The Five Star Movement managed to stanch the dramatic fall in its popularity in recent months by returning to its populist origins, withdrawing support for Draghi’s government, and reneging on its previous alliance with the Democrats. It is now trying to reposition itself as a viable populist progressive force that could effectively replace the Democrats as the standard bearers of the left. Indeed, many leftist intellectuals and politicians have welcomed this move and endorsed it.

The centrist, liberal formation Action betrayed its previous electoral deal with the Democrats, joined forces with former Democrat Matteo Renzi’s Italy Alive, and campaigned on the populist message that left and right are political categories of the past.

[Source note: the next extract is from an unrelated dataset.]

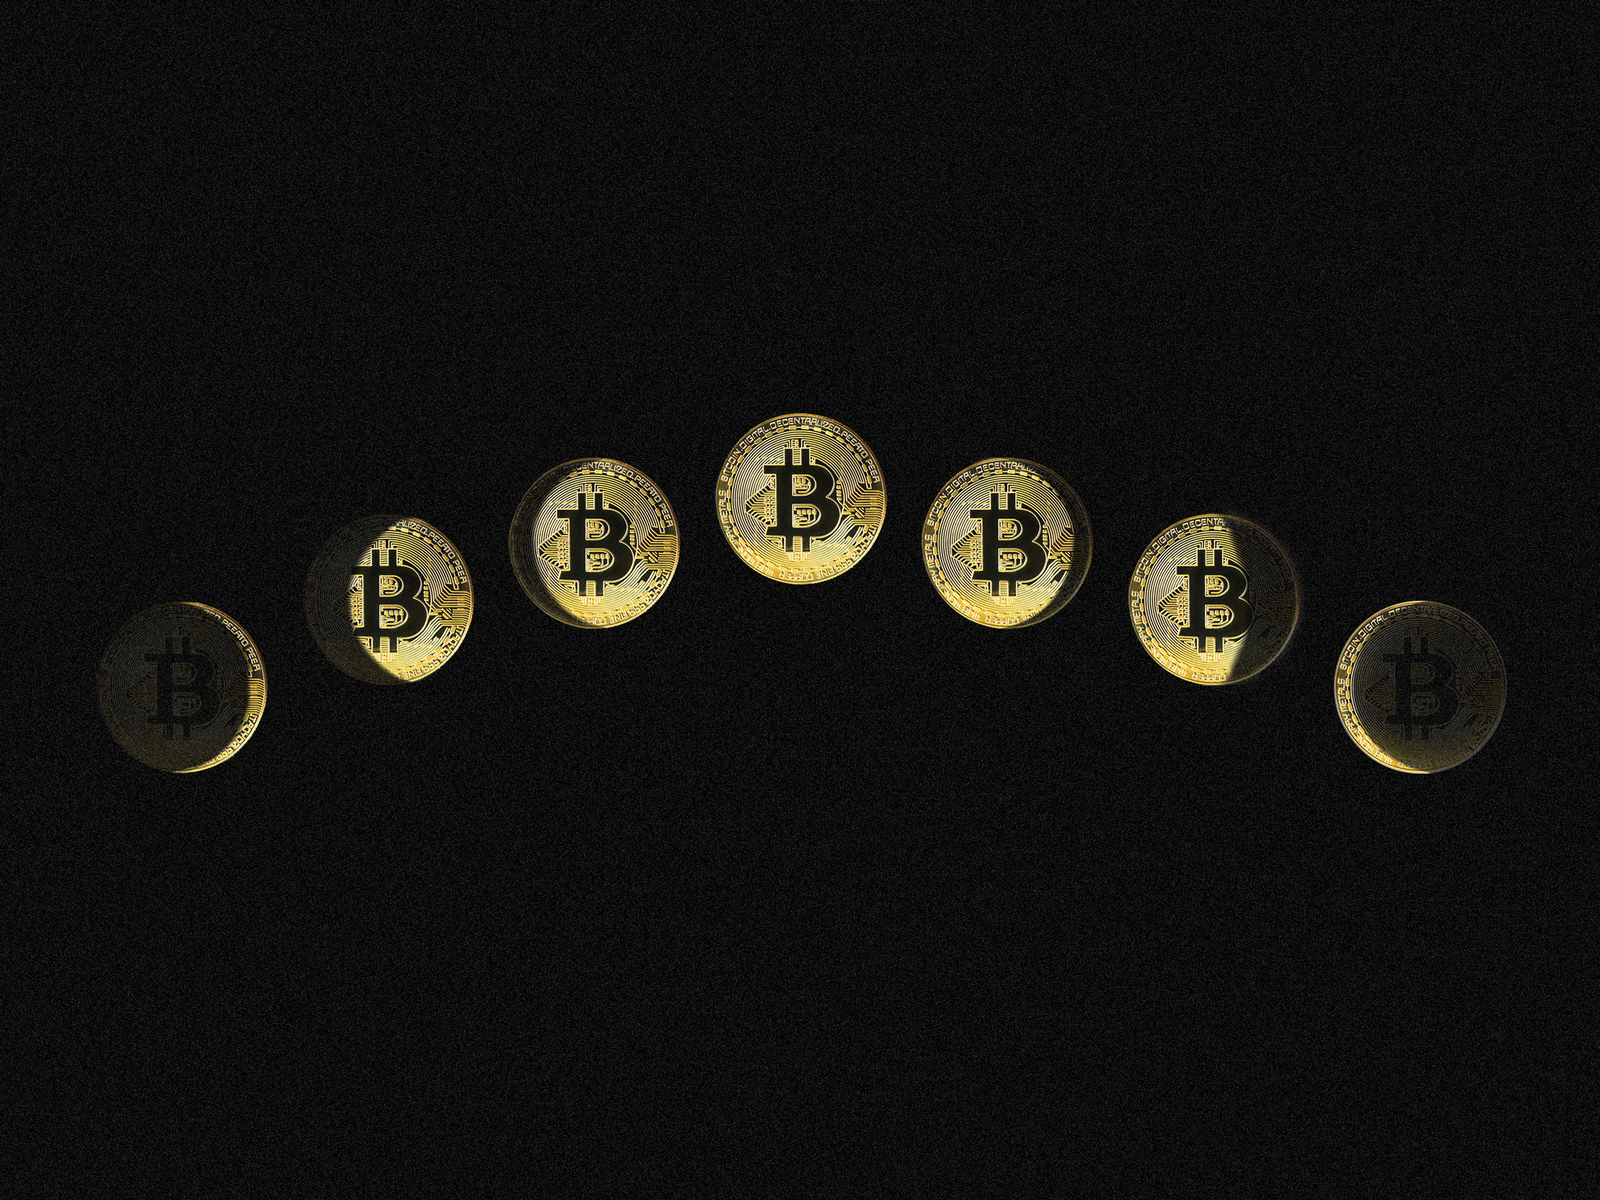 10 year anniversary of bitcoin

On the right, former Prime Minister Silvio Berlusconi’s party Forza Italia has been branding itself as the “centre” that can keep in check the trademark populism of Meloni and the League’s leader, Matteo Salvini. However, the differences between the three of them are increasingly getting thinner – not to mention that Berlusconi is considered by many to have been among Italy’s first populist leaders.

Meloni ran her campaign facing little opposition, except for the Democratic Party and its allies on the centre left. The other parties on the left and the centre have been more concerned with marking their distance from the Democrats than standing against the right-wing coalition that she leads, which includes Berlusconi and Salvini.

Nor has there been any mass mobilisation on the streets against her imminent rule. The few protesters who have stood up against Meloni have been heavily criticised by her.

Whether you want to label Meloni a fascist or not, there is a real danger that her government might make things significantly worse for some of Italy’s most vulnerable communities as well as for progressive activists and politicians who are unwilling to compromise on their values for electoral gain.

Sadly, many of the same media organisations and institutions that have expressed concerns about the implications of her win for market stability and Italy’s relationship with the EU, seem to be less preoccupied with what should matter more: these existential threats to democracy and human rights.

The views expressed in this article are the author’s own and do not necessarily reflect Al Jazeera’s editorial stance.